È possibile desiderare di restare comunque nella terra dove ci sono le tue radici o è urgente fuggire? Se si, dove? Esisterà un Paese realmente disponibile all'accoglienza?

Nel 1938 si riunirono 32 Paesi per affrontare il problema degli ebrei in fuga da Germania e Austria. Molte belle parole ma in pratica nessuno li vuole. Un'analogia con il dramma dei rifugiati ai giorni nostri e anche la fuga della famiglia Rimon verso la Svizzera nel 1943 mi ha fatto ricordare il dramma di Beauty, la donna respinta dalla gendarmeria francese a Bardonecchia e morta dopo il parto. 

Come è possibile approvare e applicare delle leggi dove l'unica soluzione sia "il respingimento"? Come è possibile questo se la legge è, in generale, ogni principio con cui si enunci o si riconosca l'ordine che si riscontra nella realtà naturale o umana e che, nello stesso tempo, si ponga come guida di comportamenti in armonia con tale realtà? 
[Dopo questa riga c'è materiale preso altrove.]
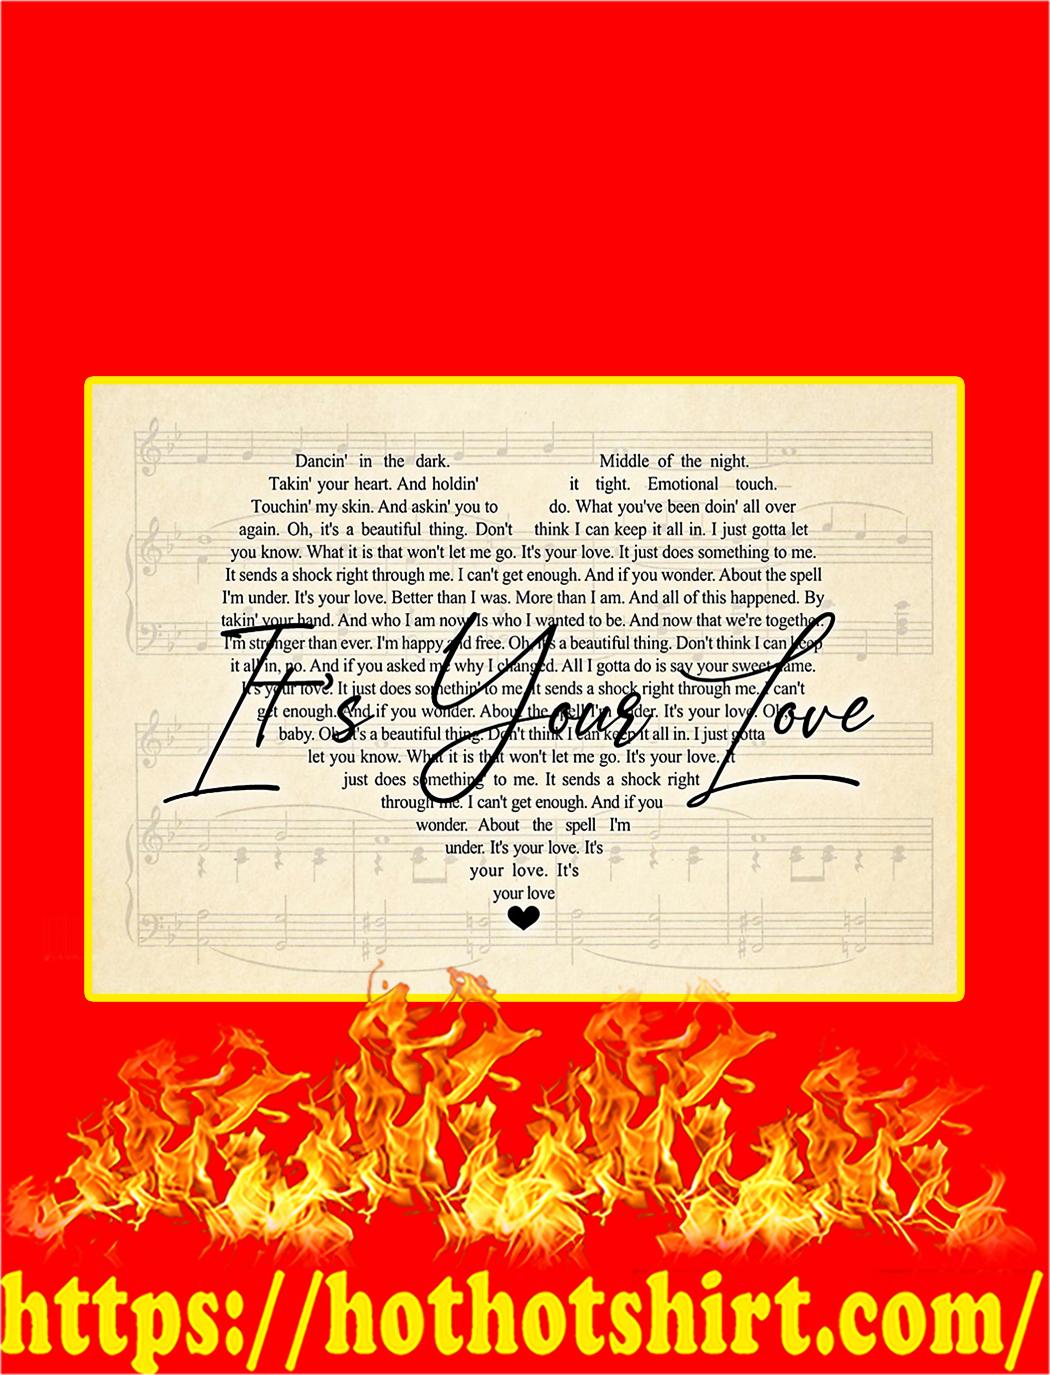 It's Your Love Lyrics PosterIt's Your Love Lyrics Poster

Respingere non è naturale né umano, come non lo è definire una persona "clandestina" per cercare di limitare l'afflusso dei migranti (anche se la famosa "invasione" è solo una balla elettorale e fa leva sulla paura e sull'ignoranza delle persone che non si informano o sono piene di pregiudizi): niente e nulla li potrà fermare se non riusciamo a costruire un mondo più giusto, più equo, senza guerre e violenze e con più rispetto per le persone e l'ambiente.